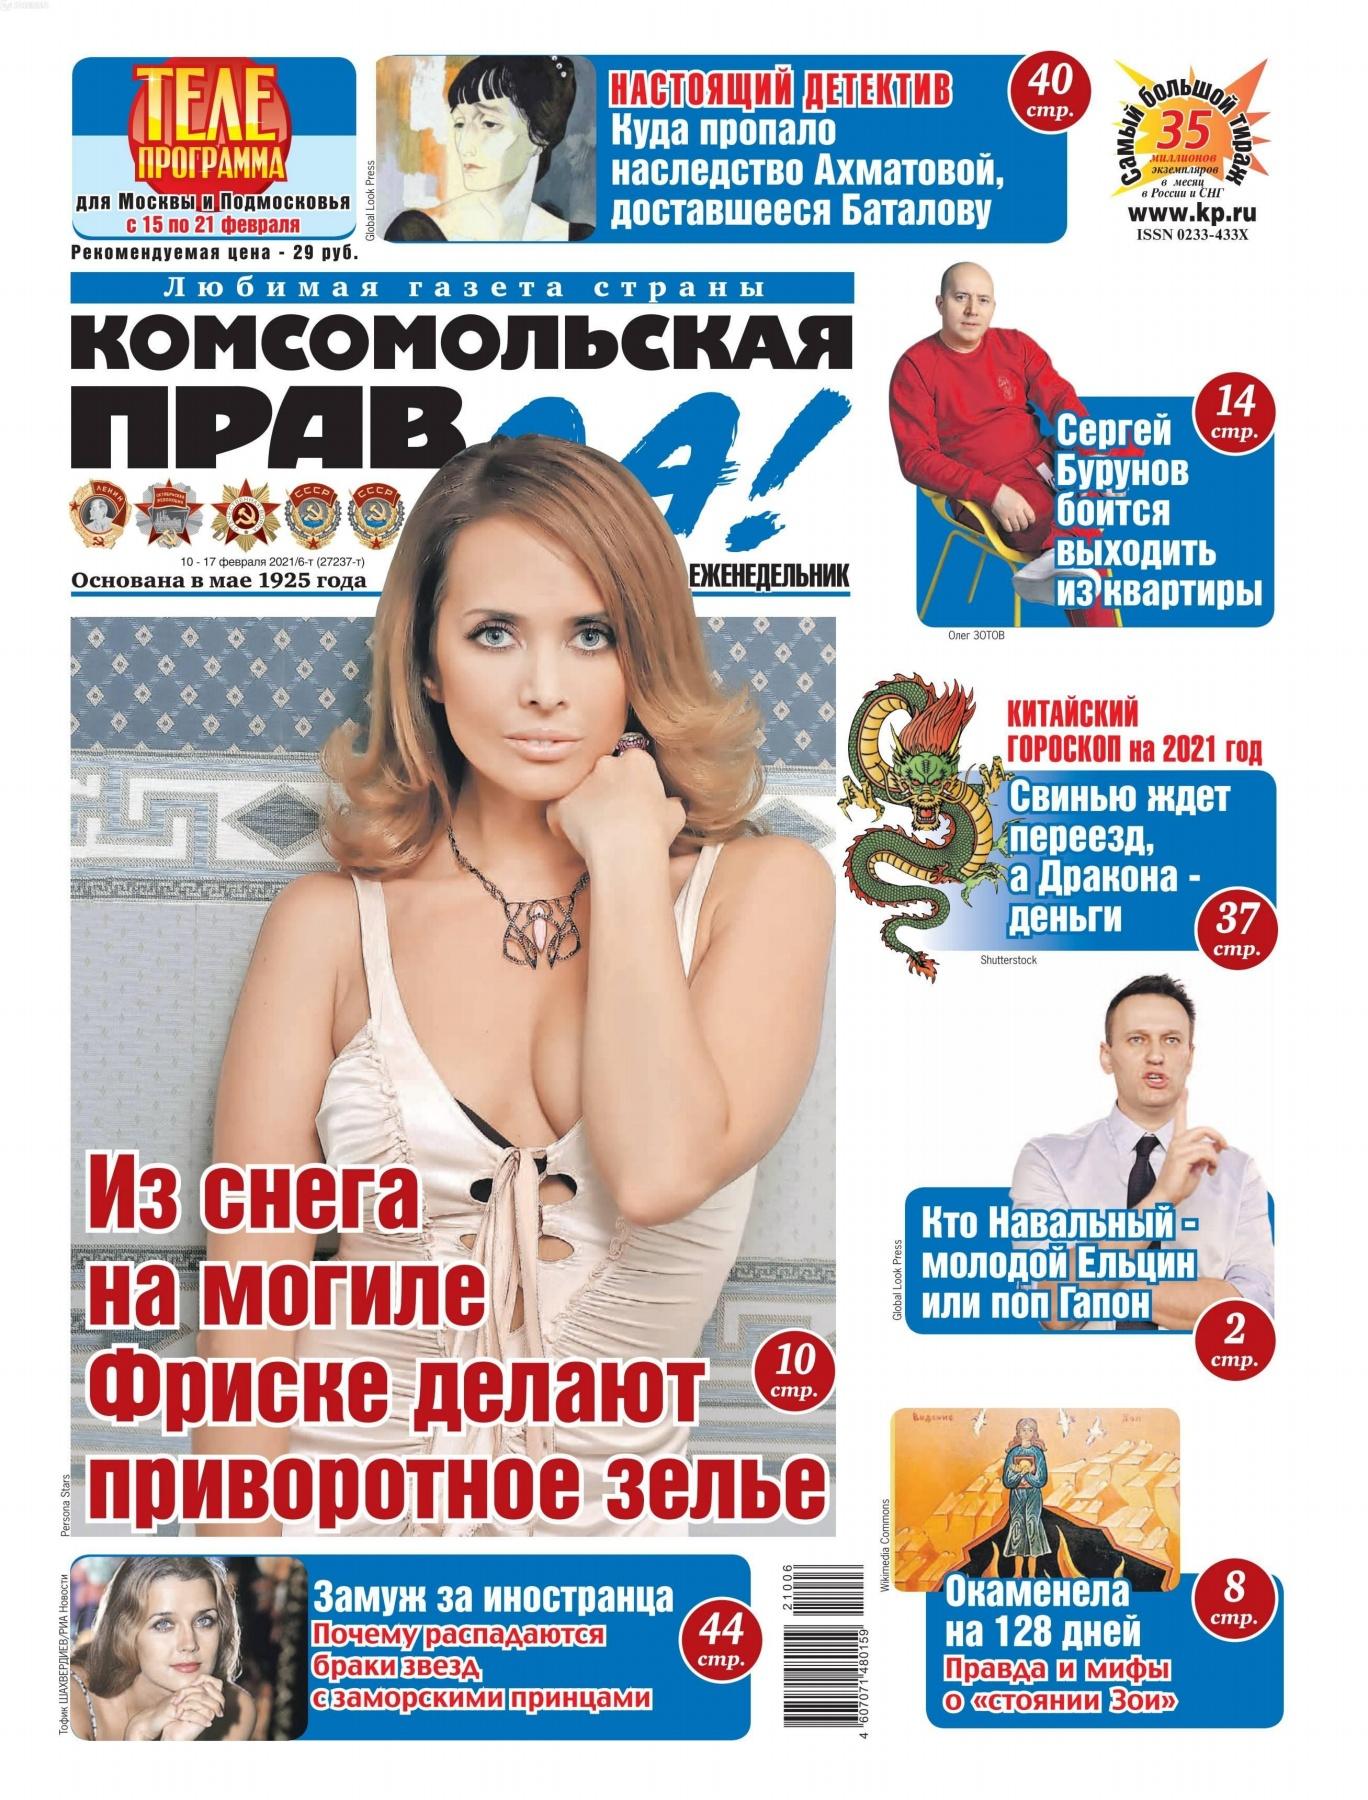 Комсомольская правда №6, февраль 2021
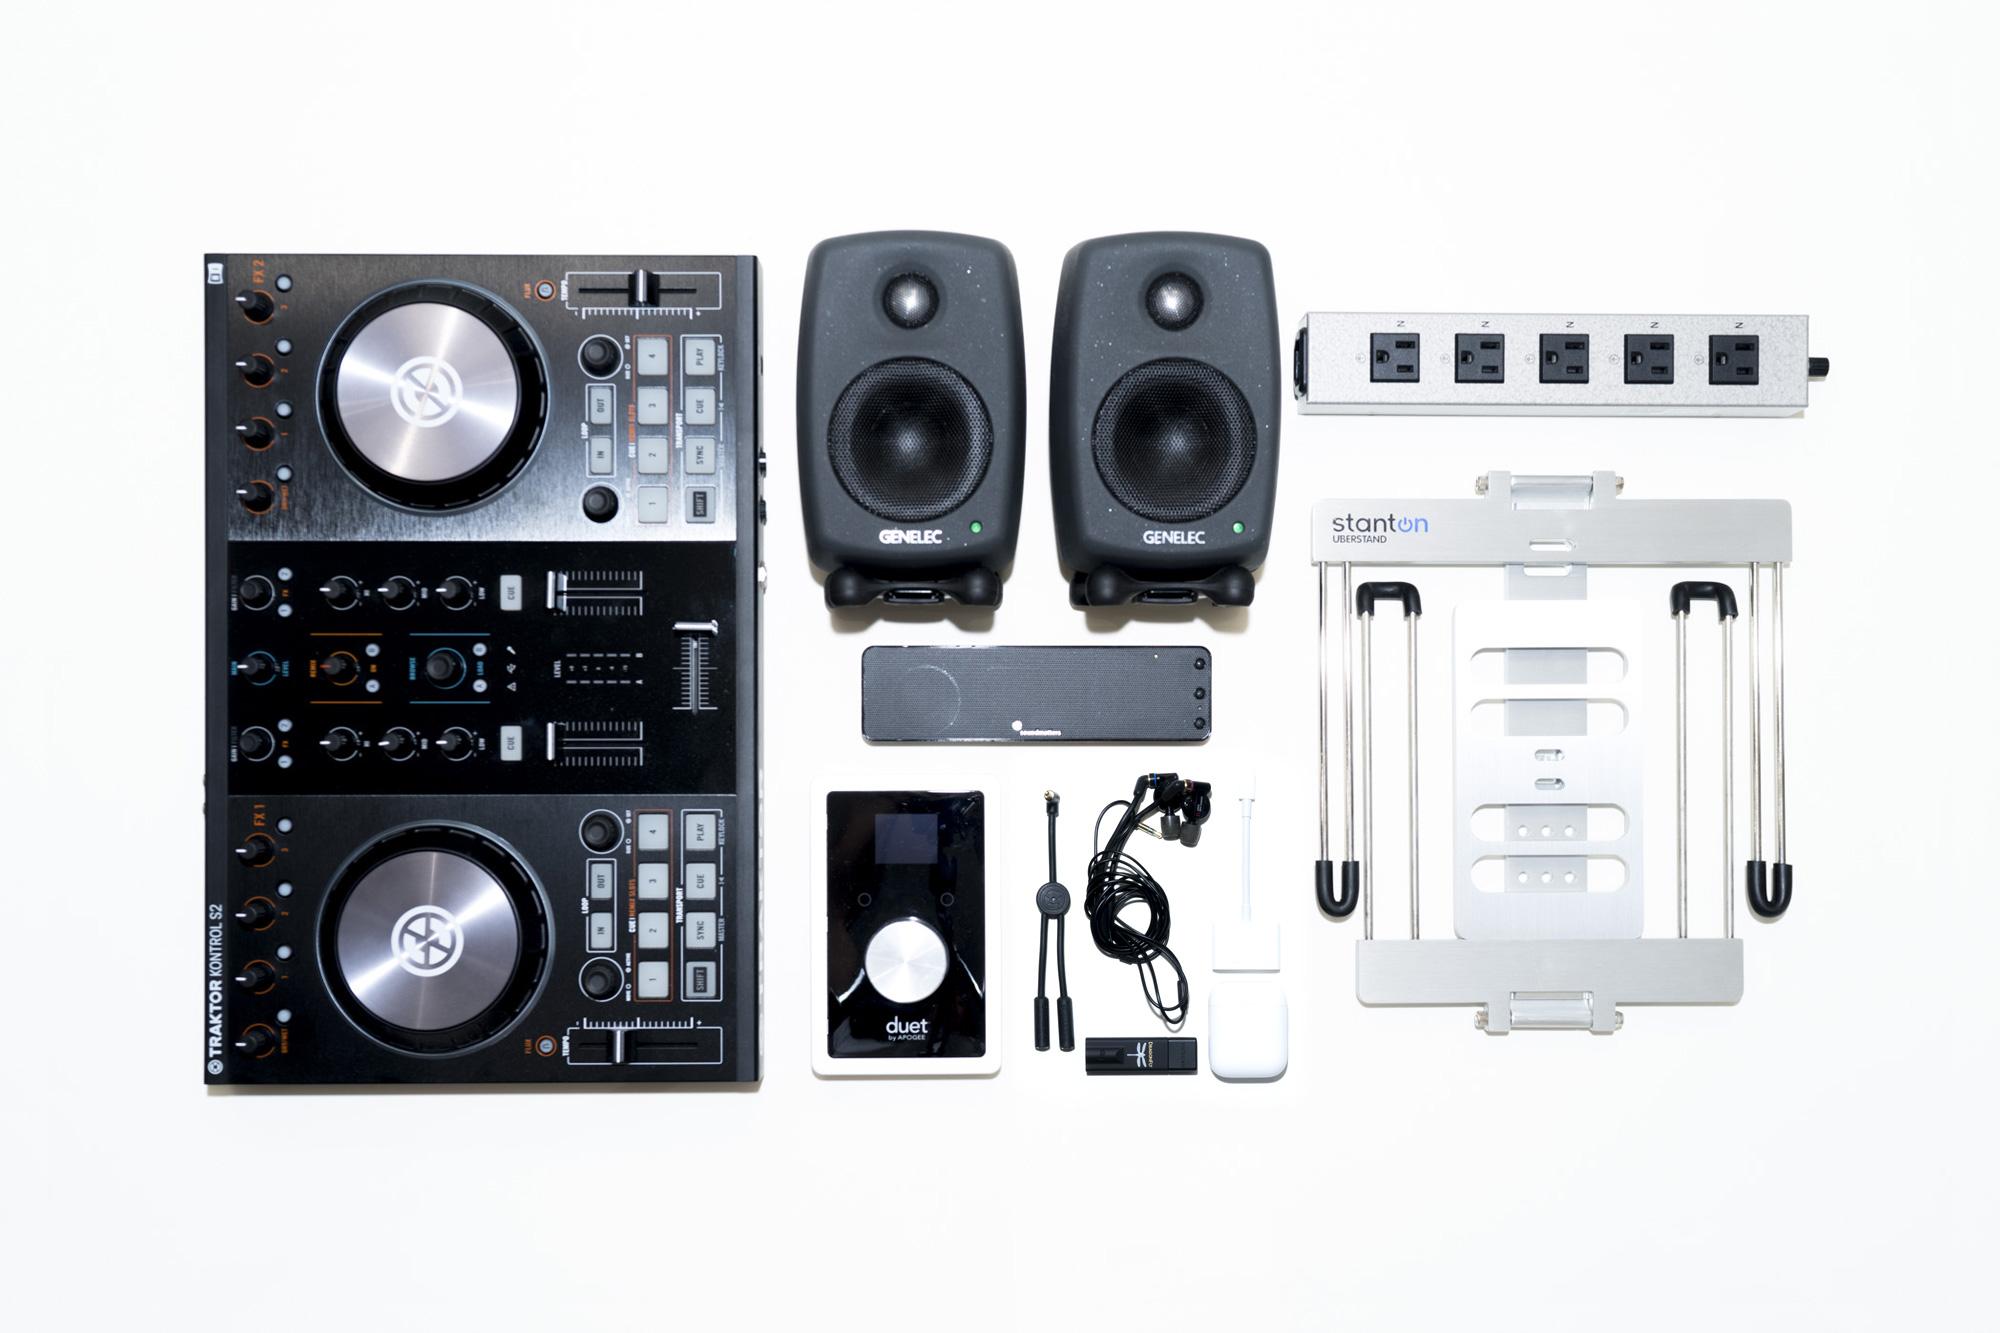 My Audio Visual Equipment 2017
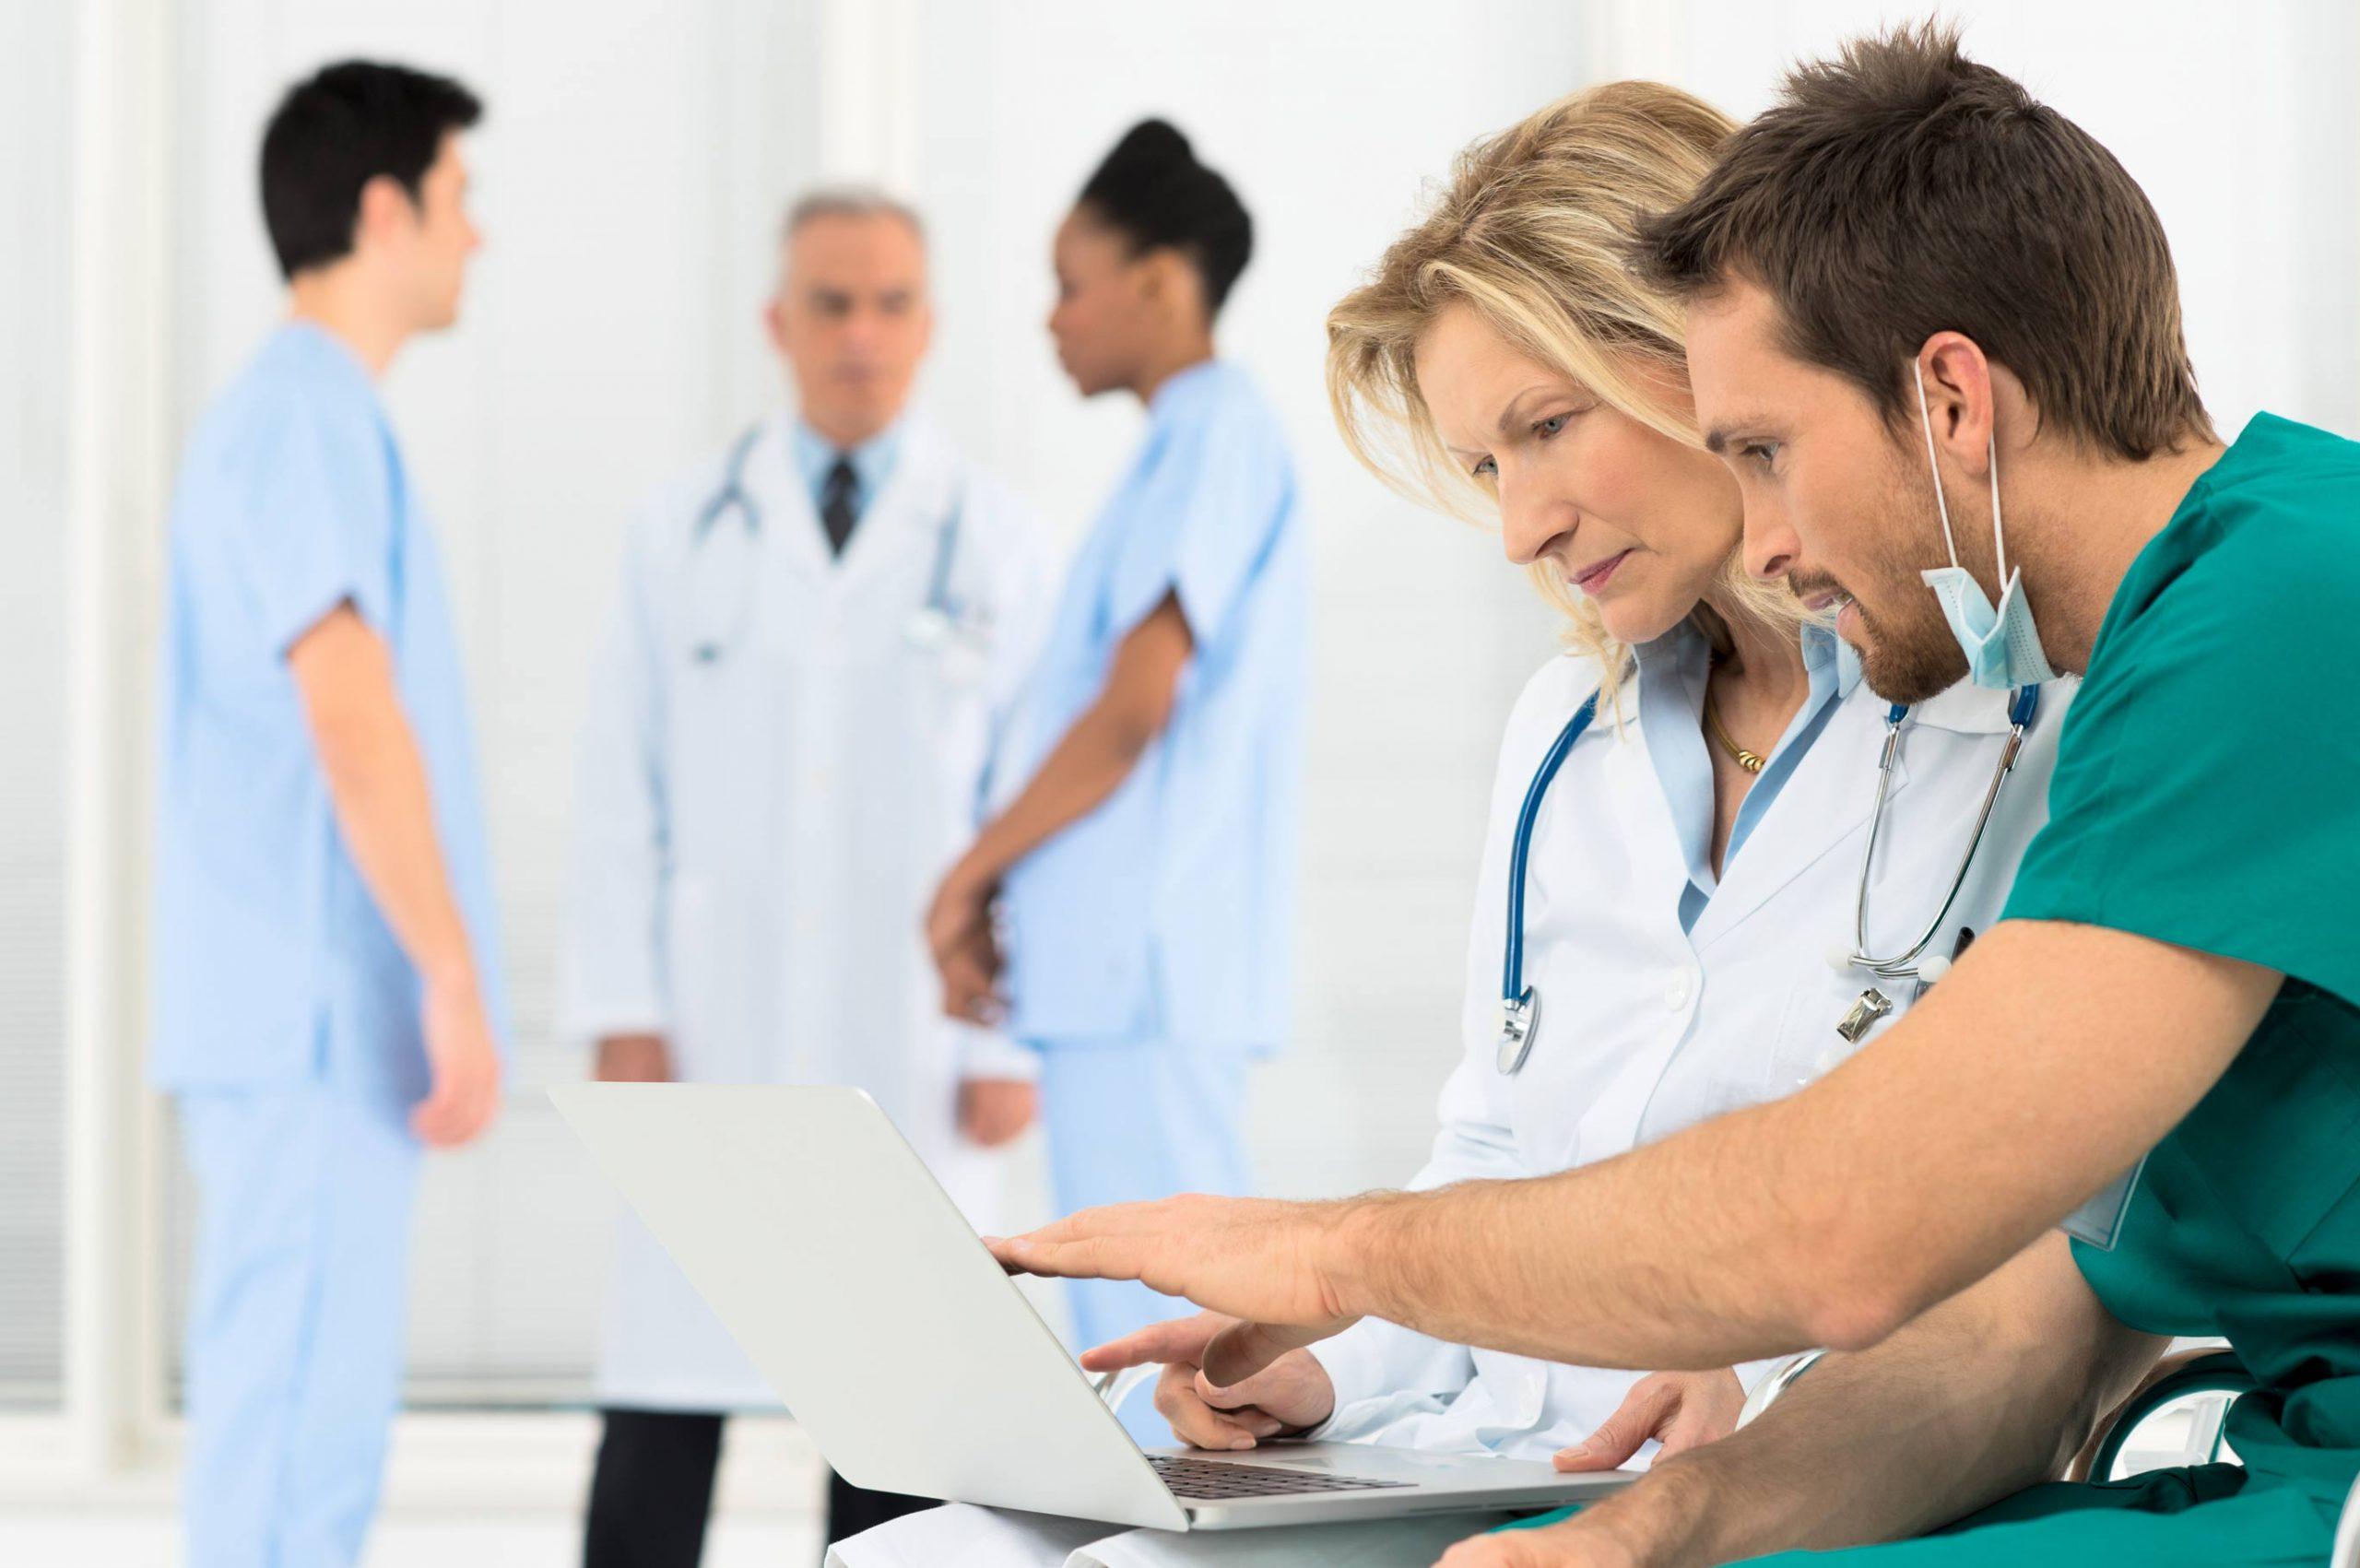 Терапия строго контролируется врачом

------------------------------------------------------------

### [What is required]
Transcribe every line from the one containing "My Audio Visual Equipment 2017" to the end of the listing, exactly and exclusively. Do not carry any picture over.

### [Task result]
 My Audio Visual Equipment 2017
 Терапия строго контролируется врачом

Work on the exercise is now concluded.